366 Songs 015: Stay


Bernard Butler’s “Stay” is exactly the song that all of his fans wanted him to put out as his first solo record, I suspect, and also exactly the song that everyone who liked to make fun of his grandiose production were probably expecting and sharpening their barbs for in anticipation. This is in no way a subtle song although, at its heart, it is; if you can get beyond the production and arrangement, this is a very gentle, quiet thing deep down. The lyrics, especially the blunt, short chorus (“Don’t go/Stay/This time” – That’s really it, and I kind of love it for how unaffected and un-clever, if that makes sense, it is), feel like they belong to something much quieter and more intimate, and even Butler’s delivery of the lines feel more restrained than everything surrounding his voice (Although this was the first thing he’d ever released as a solo artist, singing as well as performing on guitar, and possibly the first full song lyric he’d written alone as well, so maybe there are more reasons for his restrained vocal than lyrical intent).

But the music… The song just builds wonderfully, from strummed acoustic guitar to the slowly added other instruments (piano, drums, bass, unnecessary-but-why-not wind sound effects), and then at the end of the first chorus, the electric guitar fading in with feedback that feels both out of place and just wonderfully necessary in a way that turns the song on instead of it just existing. The way that the electric guitar feels as if it’s the emotion to the whole thing, this anguish that he can’t quite get out any other way (The way it just attacks the bridge still makes me wish I knew how to play guitar, knew how to express myself in that way, this immediate wonderful difficult way). By the time the song is finishing, it’s all about the electric guitar, that’s become the purpose of the song, explaining what the song is and what it’s about much more than the vocal. Considering Butler’s past in Suede, where it felt at times he was fighting with singer Brett Anderson for the soul of the song (Just listen to “Stay Together” or “The Asphalt World” and you’ll hear what I mean), it seemed fitting and thrilling and it feels the same even now, more than a decade later.

This isn’t a great song, but it is a great performance, if that makes sense; other people could try to do this track but, because they wouldn’t have that guitar in there, it wouldn’t measure up. “Stay” might have been the first song that proved that Bernard Butler could write an entire song himself and could carry a tune if he had to, but it’s also a song that proved once and for all that he’s definitely at his best as a guitarist.

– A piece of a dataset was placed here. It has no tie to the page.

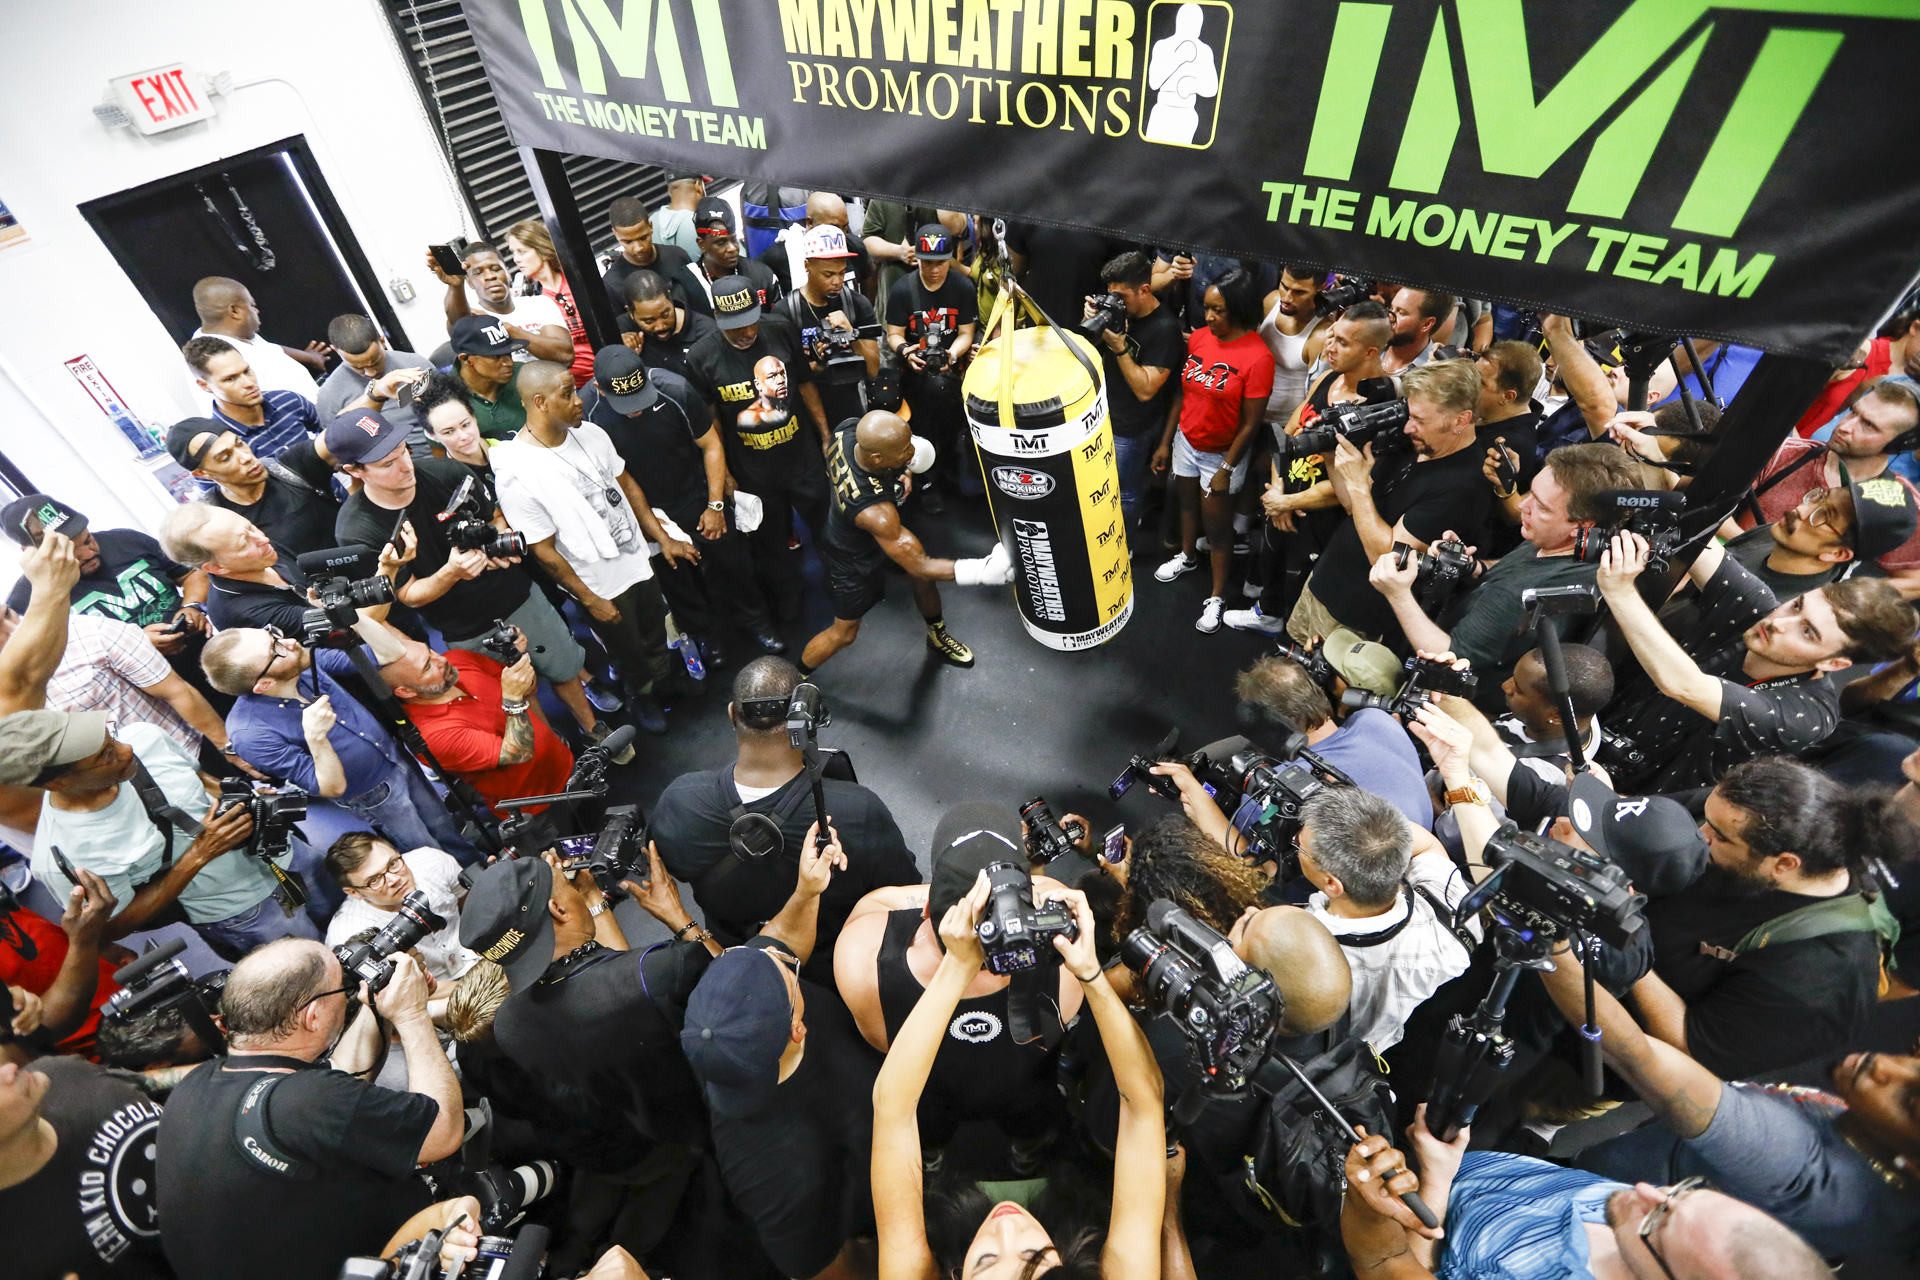 1920x1280 Floyd Mayweather had a packed house Thursday. Esther Lin, Showtime

366 Songs 014: We Will Rock You

When I was a kid, there was always one tape that you count depend on being played during any lengthy family road trip: Queen’s Greatest Hits. I’m not sure quite why or how, to be honest, my family somehow decided without any discussion that that cassette was magically acceptable to everyone in the family, but it was, and we’d all listen and sing along happily whenever it was played (As opposed to the reaction when, say, Huey Lewis and The News – my father’s favorite – was suggested).

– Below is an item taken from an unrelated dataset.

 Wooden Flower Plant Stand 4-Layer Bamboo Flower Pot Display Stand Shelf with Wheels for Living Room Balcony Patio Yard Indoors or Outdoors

Listening to “We Will Rock You” now is a strange exercise, because the song itself is just covered in a layer of nostalgia that almost disguises what you actually hear. But what’s there is kind of fascinating, if only to consider how it became a hit, and a hit that everyone likes. Consider the structure of the song, which isn’t the traditional verse/chorus/verse as much as a chant that, all of a sudden, Brian May comes along and just ends with a ridiculously awesome guitar solo (Is Brian May “officially” awesome again yet? If not, he should be; he’s a really great guitarist). I mean… there’re no instruments in this song until almost ninety seconds into it, and then there’s just this guitarist going nuts, and then it’s just… over. This is pretty much a weird song, the kind of thing that is normally hidden away on an album for the hardcore fans only, and yet it magically became a thing and everyone knows it. Sometimes, I think that over familiarity makes us forget how truly strange that really is.

366 Songs 013: Nine In The Afternoon

Being an old man, Panic! At The Disco’s first album pretty much passed me by without any trace; I knew the band existed, but always got them mixed up with My Chemical Romance for some reason, both bands written off as something approaching emogothpop by kids with too much money and romance for gloom (Yes, I know this is potentially unfair; sorry to those who are disappointed). But there was a mention on a website or a magazine or something prior to the band’s second album that essentially said “They’ve clearly been listening to a lot of Beatles and trying to recreate Sgt. Pepper’s,” which is the kind of thing that almost guarantees that I’ll check something out from morbid curiosity if nothing else. This song – “Nine In The Afternoon” – was the first single (and second track) on that second album, Pretty. Odd., and I remember hearing it and thinking “Oh, they’re not trying to be the Beatles, they’re trying to be Jellyfish.”

That sounds like a diss, but it shouldn’t; I love Jellyfish and their own retro sound, but there’s nothing in “Nine In The Afternoon” that really approaches either the expansive nature of, or the exploration at the heart of, their music; it’s all about nostalgia and an attempt to return to times past. Which isn’t necessarily a bad thing – A lot of my favorite bands, Jellyfish included, were very much concerned with the same thing – but it requires some level of songwriting beyond passable, and a dedication to production and aural fidelity, to make things sound like more than just pastiche. And this song… doesn’t really do that. This is “psychedelia” by numbers, with a song that’s not strong enough to really carry its weight as anything more. It’s enjoyable and relatively singalong, and yes, they’ve stolen a horn arrangement that feels like it should’ve come from Pepper’s, but it feels like ELO or something, an “almost-but-not-quite” running through the entire thing like a stick of rock.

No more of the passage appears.